Gene expression signatures induced following Decitabine, Vorinostat or the DV combined sequential treatments in the OCI-AML3 cell line were determined. As expected, low dose Decitabine (0.1 μM) alone had little effect on gene expression. Decitabine has a short half-life and its effects are reversible, so repeated dosing may be required to maintain hypomethylation and increase efficacy of this agent. Vorinostat alone had a greater effect on gene expression than Decitabine alone. A total of 79 probe-sets had altered expression levels following Vorinostat in comparison to 11 probe-sets being altered with Decitabine treatment. Of these 79 probe-sets, 72 (~91%) were induced compared to 7 (~9%) repressed. Furthermore the DV combination produced a gene expression signature with 140 probe-sets (≡118 genes) significantly upregulated and unique to the combination treatment. This supports the concept that removal of methylation from DNA is essential for the regulation of many genes but alone is insufficient to carry out re-expression and that HDACi’s can reactivate genes previously silenced by methylation [18, 31, 42–44] Bioinformatics analysis identified that highly enriched processes were associated with the immune response, the regulation of cell death, regulation of cell proliferation and response to oxidative stress. Amongst the re-expressed genes were CDKN2A, EIF2AK2, TNFSF10 and XAFI, all of which are associated with cell cycle inhibition or induction of cell death through increasing caspase activity and the reduction of which are known to be associated with the development of leukemia [45–49].The upregulation of a number of these genes may provide a link to explain some of the enhanced anti-leukemic affects observed throughout this study. interferon response were also upregulated following combined treatment; these included IFI27, IFIH1, IFIT2, ISG20, STAT1, STAT2 and OAS1, some of which are known Decitabine target genes, albeit at a higher dose  .
AXL was identified as one of the most highly expressed genes following DV treatment (18-fold induction) and was of particular importance as it is implicated in many cancers [51, 52] A number of its oncogenic properties include a role in cell proliferation, survival and inhibition of apoptosis [53, 54]. The use of Bloodspot data indicate that AXL expression is higher in certain subsets of AML compared to normal hematopoietic counterparts while Ben-Batalla et al. showed that patients expressing higher than median AXL levels had a worse prognosis .
A number of therapeutic agents, including Decitabine, have been reported to upregulate AXL and induce drug resistance . AXL was upregulated with the DV combination treatment in OCI-AML3 and HL-60 cells. Bisulfite pyrosequencing and ChIP-based analysis identified that upregulation of AXL was due in part to Decitabine-induced reduction in methylation at the promoter that was permissive for gene-specific acH3K9 activation and reduction of H3K9me3 repression.

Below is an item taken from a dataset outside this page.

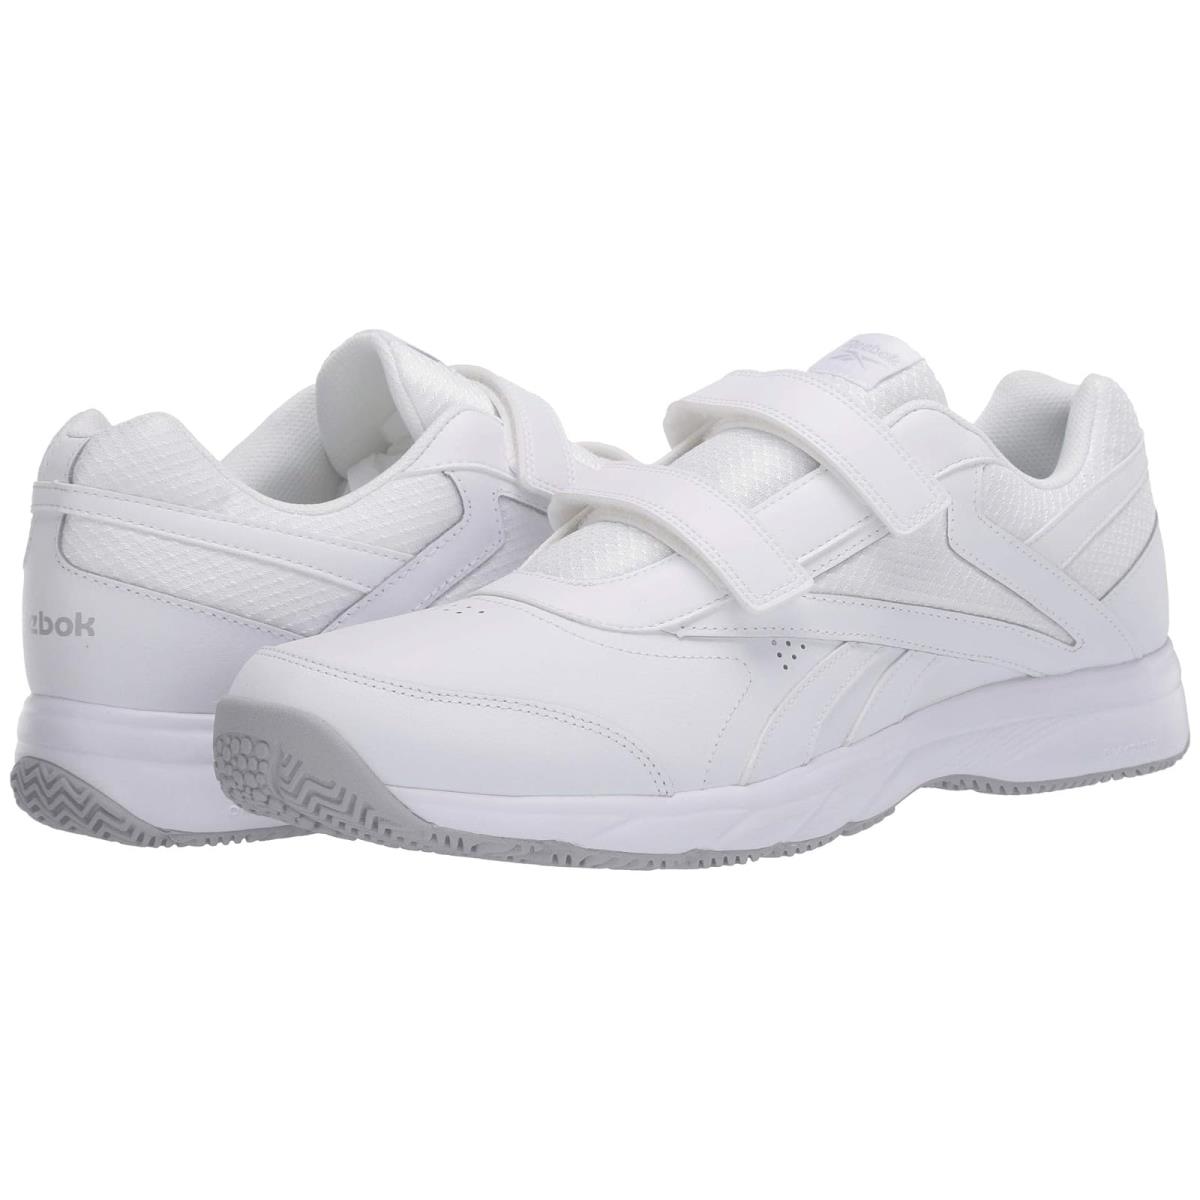 Man`s Sneakers Athletic Shoes Reebok Work N Cushion 4.0 KC White/Cold Grey/White

The data supports a hypothesis that DV combination treatment of AML cells results in epigenetic induction of AXL expression which may contribute to the partial drug resistance phenotype observed in OCI-AML3 cells, relative to the HL-60 cell line where the same dose DV combination had a greater level of synergistic decrease on cell viability. To test this hypothesis, we challenged the DV-treated OCI-AML3 cells with an AXL specific inhibitor (BGB324) in novel triple combination pre-clinical studies. Triple DVB combination resulted in significantly increased disease-free-survival over vehicle, mono or dual therapies in transplantation models. More recently, BGB324 received orphan drug designation for the use in treating AML [51, 56] and in addition, has shown promise when combined with immune checkpoint inhibitors. AXL and other TAM family members function to dampen the innate immune response through inhibition of toll-like receptors and their signaling cascades . A recent article highlighted a potentially successful therapeutic application of the AXL inhibitor in combination with immune checkpoint inhibitors anti-CTLA-4/anti-PD1 where they stated that these agents induce AXL expression in an attempt to evade immune responses . Our study reports similar findings whereby high AXL expressing DV treated cells increase a number of suppressor of cytokine signalling molecules including SOCS1 and TWIST [57, 59]. Further studies are required to identify if the increase in SOCS1, TWIST and the elevated phospho-ERK1/2 levels following DV treatment are in part attributable to AXL signaling and whether this may be an attempt by the cells to escape eradication through an inflammatory mediated response.
To address whether the mutational status of each cell line could play a role in the sensitivity to BGB324, we performed patient survival analysis on a local data set which incorporated data from the Microarray Innovations in LEukemia (MILE) study . AXL expression was correlated with NPM1 and APL status as OCI-AML3 cells harbor mutant NMP1 and HL-60 cells were derived form a patient with APL t(15;17) . NPM1 status in conjunction with AXL levels did not appear to have any significant effect on patient survival suggesting that the sensitivity to BGB324 in the OCI-AML3 cell line is likely attributable to the high AXL levels in OCI-AML3 cells and not the mutational characteristics of the cell line. Although it did not reach significance with the number of patients included in our analysis, those with APL and low AXL expression tended to have an improved 5-year survival compared to APL patients with high AXL expression. This further supports other findings that state high AXL expression leads to a worse prognosis in leukemia patients (Supplementary Figure 4B). However, the enhanced sensitivity to DV treatment in the HL-60 cell is more likely explained by the absence of AXL protein/signaling in this cell line. Unlike the cell line, patients harboring this translocation my still retain high AXL levels and benefit from this novel triple therapy.
Although currently only patients with high AXL would appear to be candidates for such treatment, we believe that further investigation into combining BGB324 in a triple epigenetic combination therapy with Decitabine and Vorinostat is warranted. Previous studies have shown that Decitabine/Vorinostat combination is safe and well tolerated in patients both alone and followed by re-induction chemotherapy, [7, 9] as is the use of BGB324 as demonstrated through clinical studies in leukemic patients . Phase I clinical studies would be required to assess the safety and tolerability of this triple combination treatment in patients.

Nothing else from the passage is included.